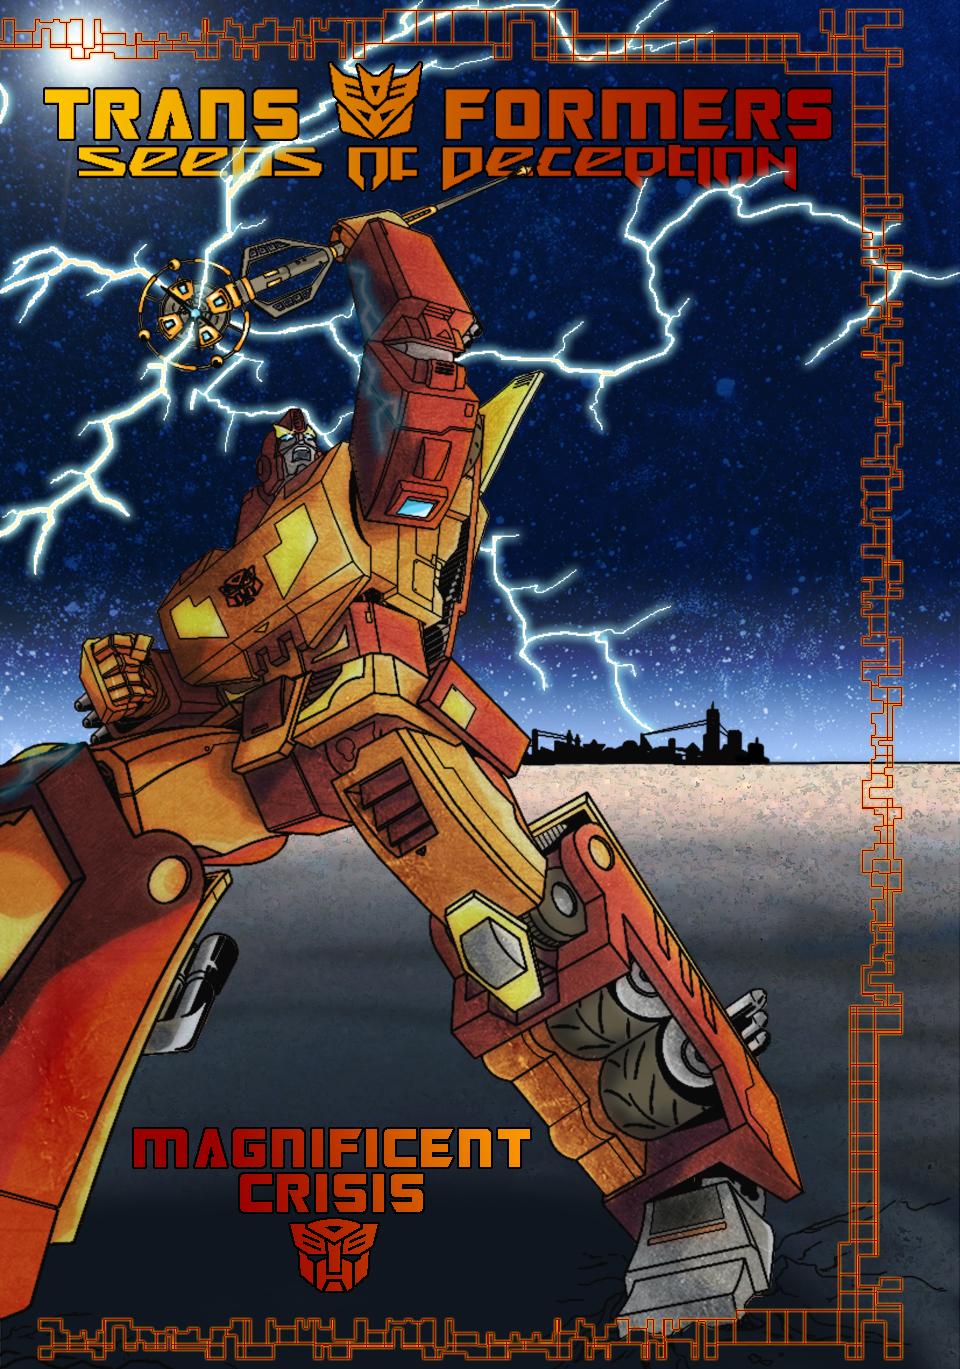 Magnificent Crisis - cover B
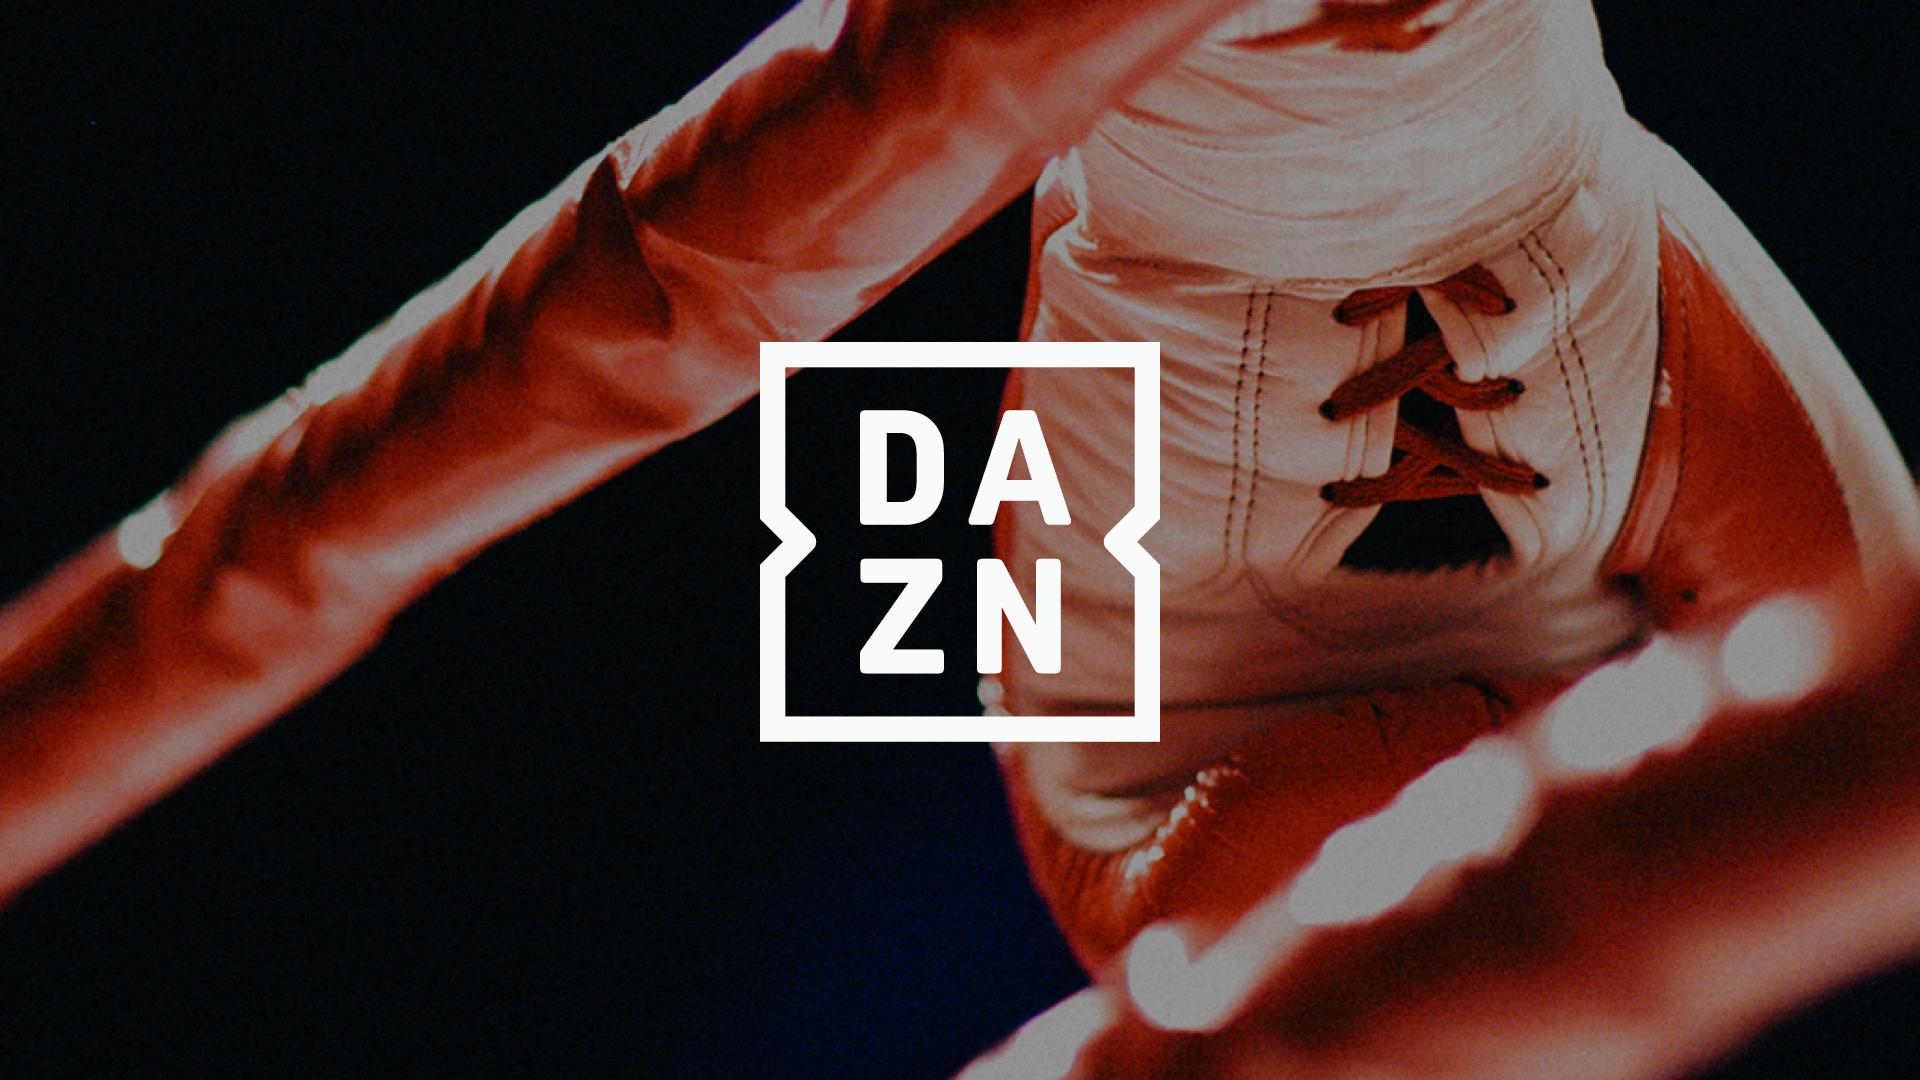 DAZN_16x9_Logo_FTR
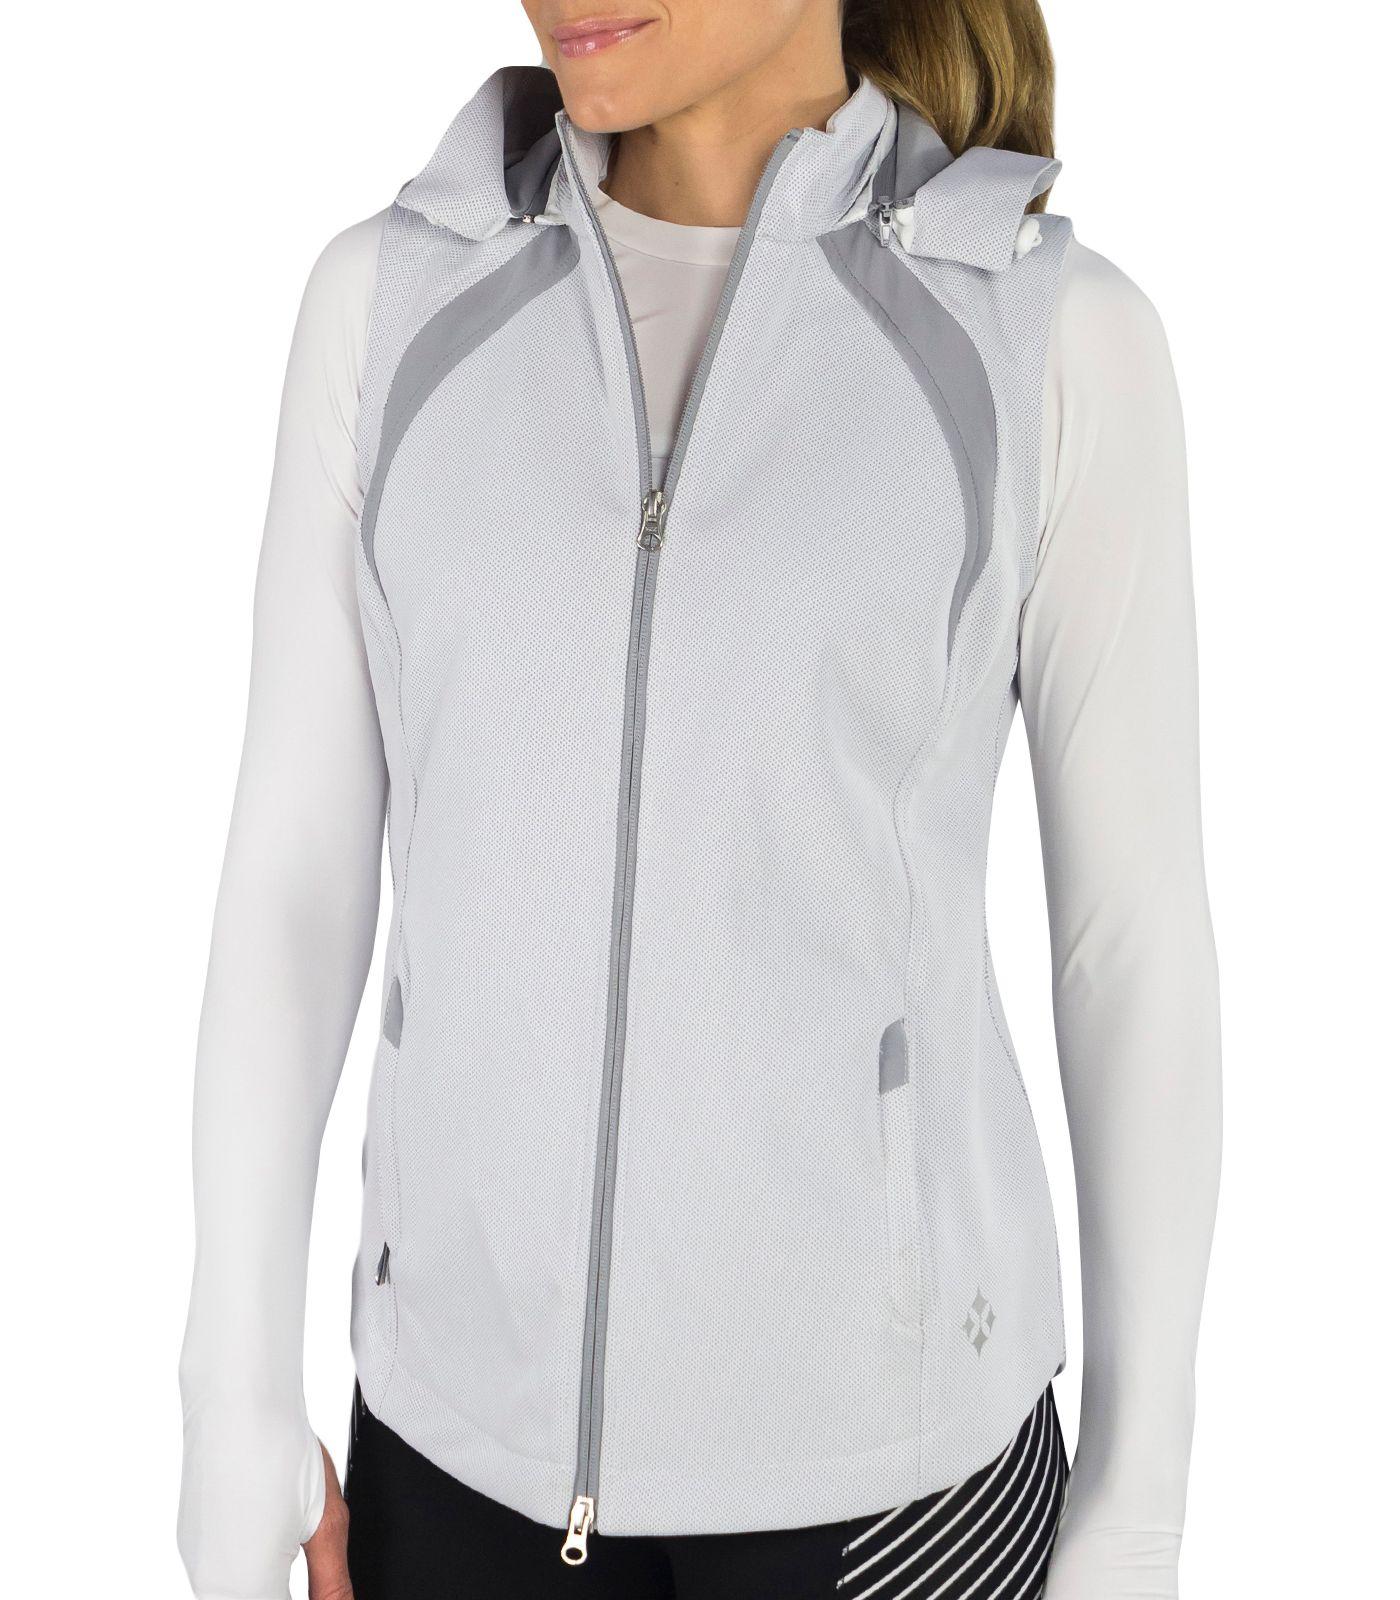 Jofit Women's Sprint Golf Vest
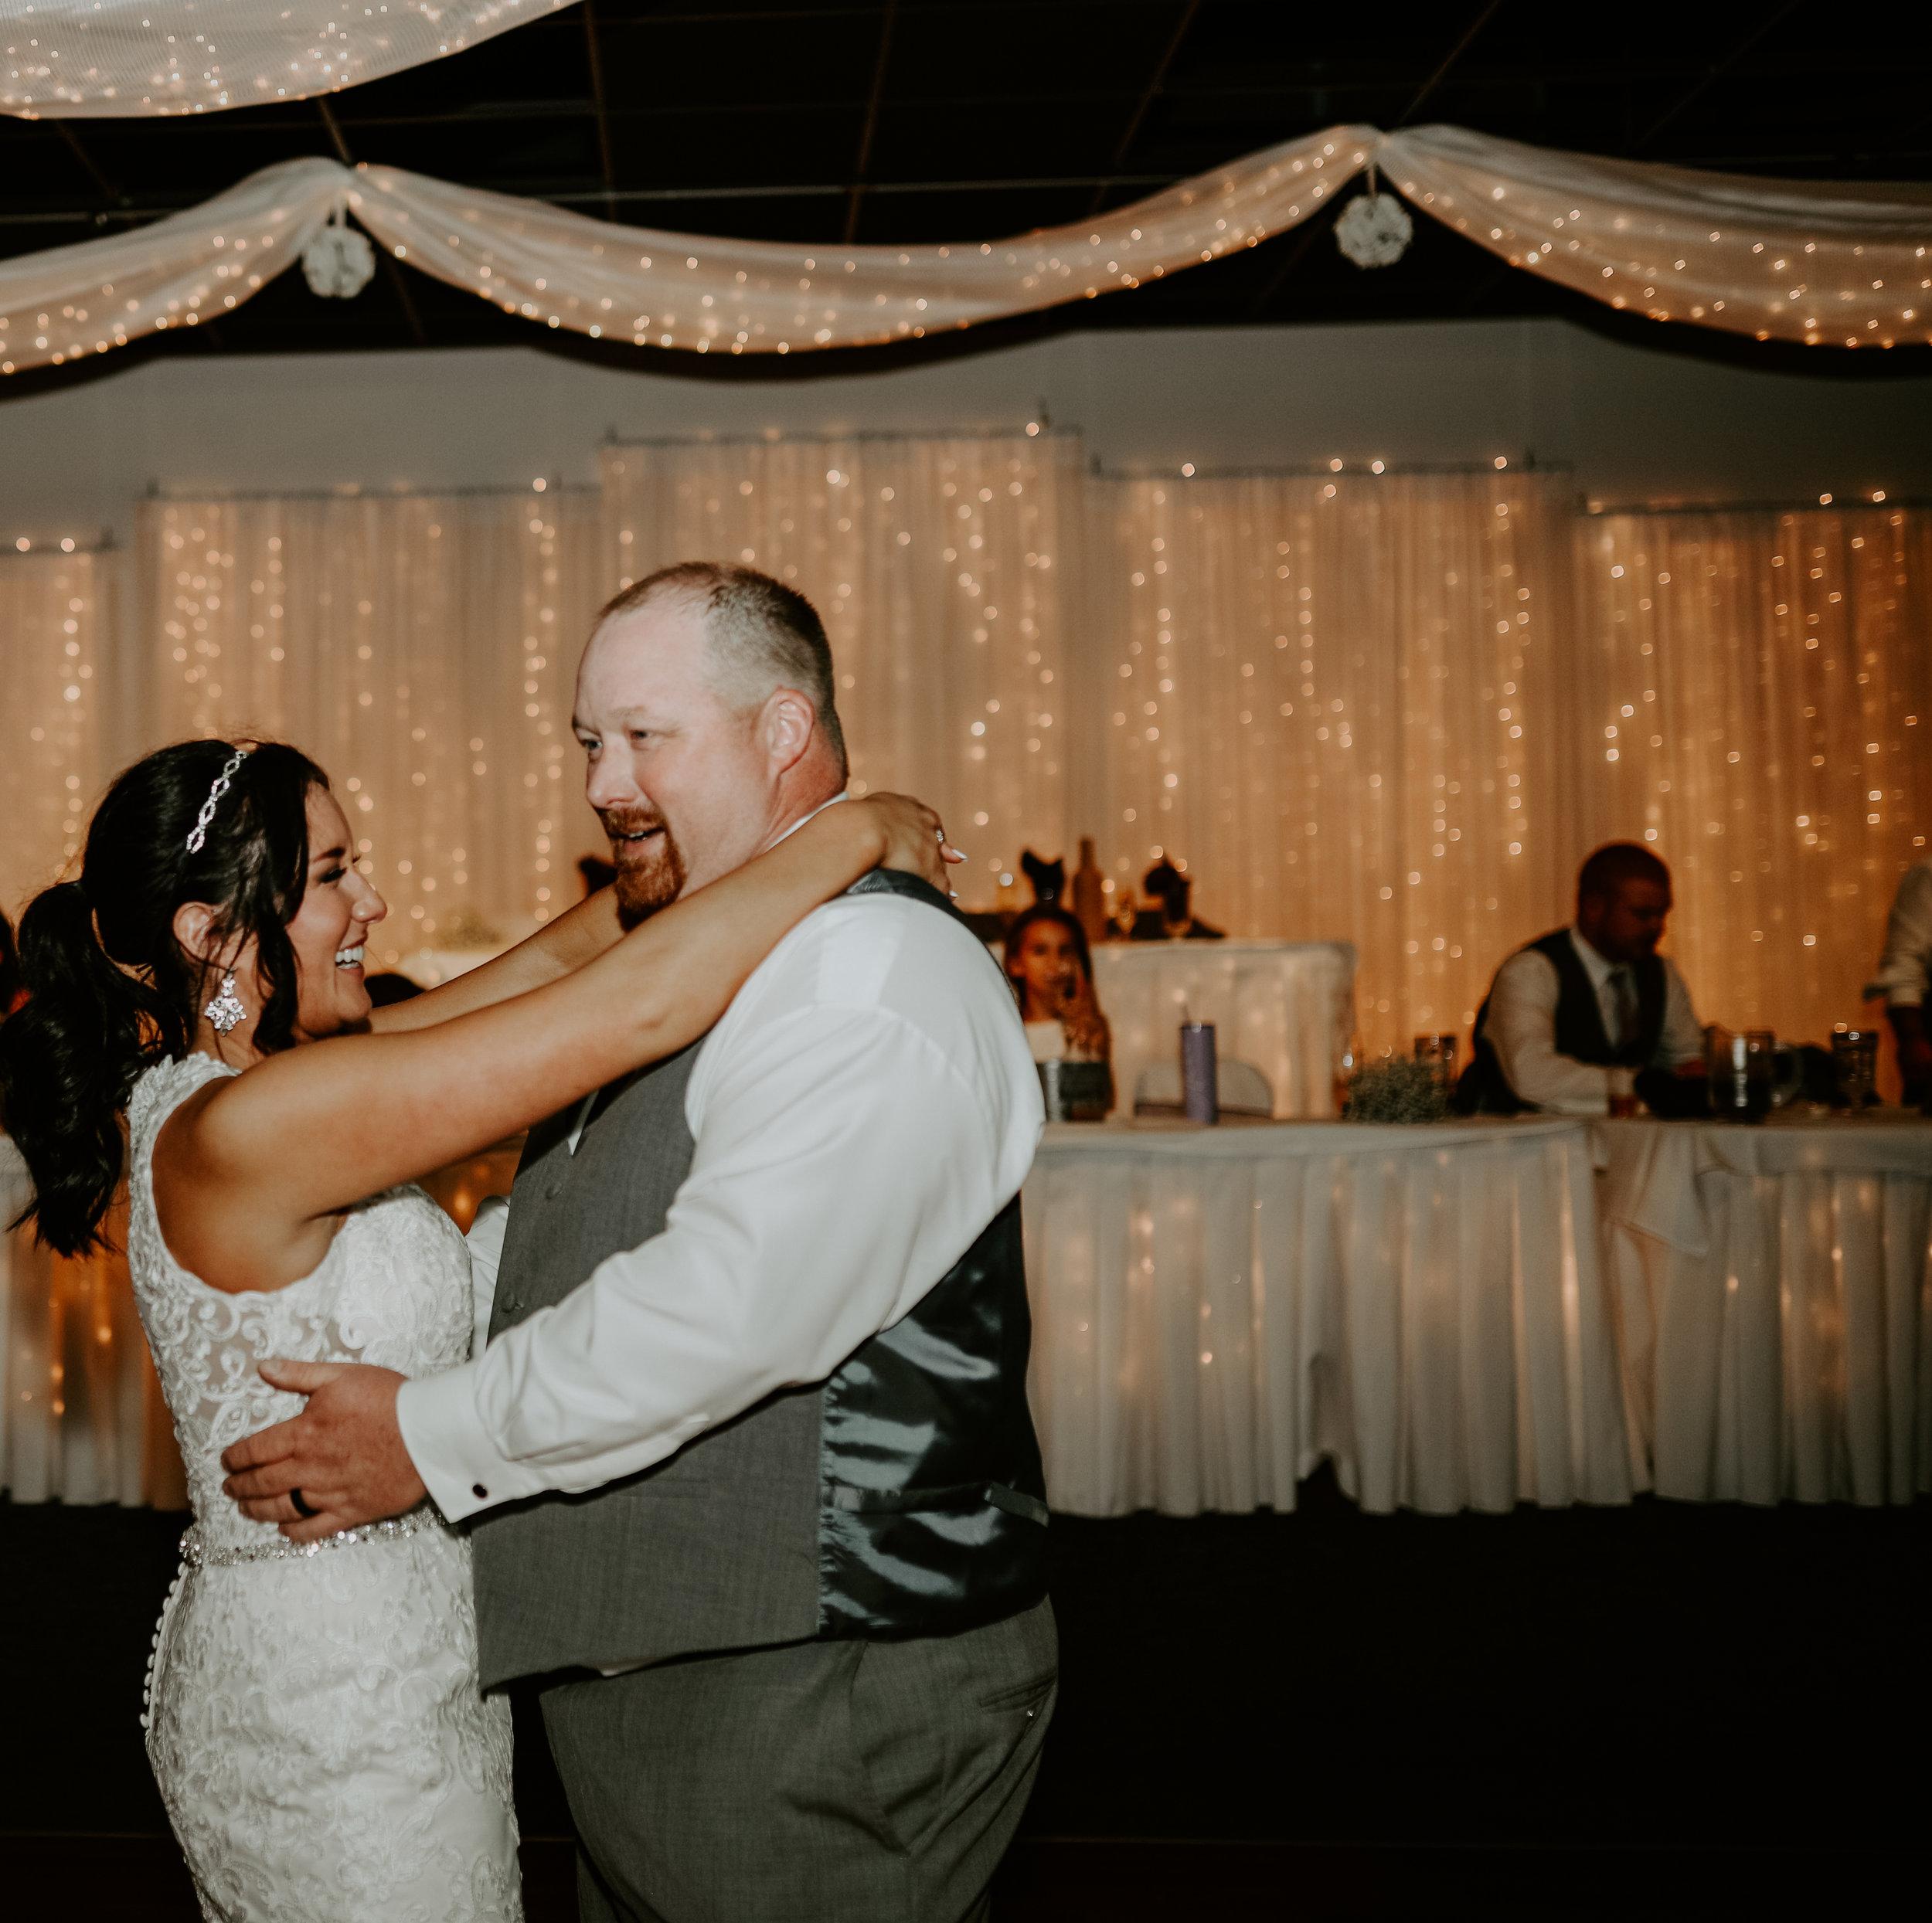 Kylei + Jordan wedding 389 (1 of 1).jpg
--
- _EXERCISE REQUIREMENTS_: Beginning with the line containing "Jofit Women's Sprint Golf Vest" and ending with the last line of the data, output those lines exactly and nothing more. Omit every picture.

- _ANSWER SPACE_:
 Jofit Women's Sprint Golf Vest
 Kylei + Jordan wedding 389 (1 of 1).jpg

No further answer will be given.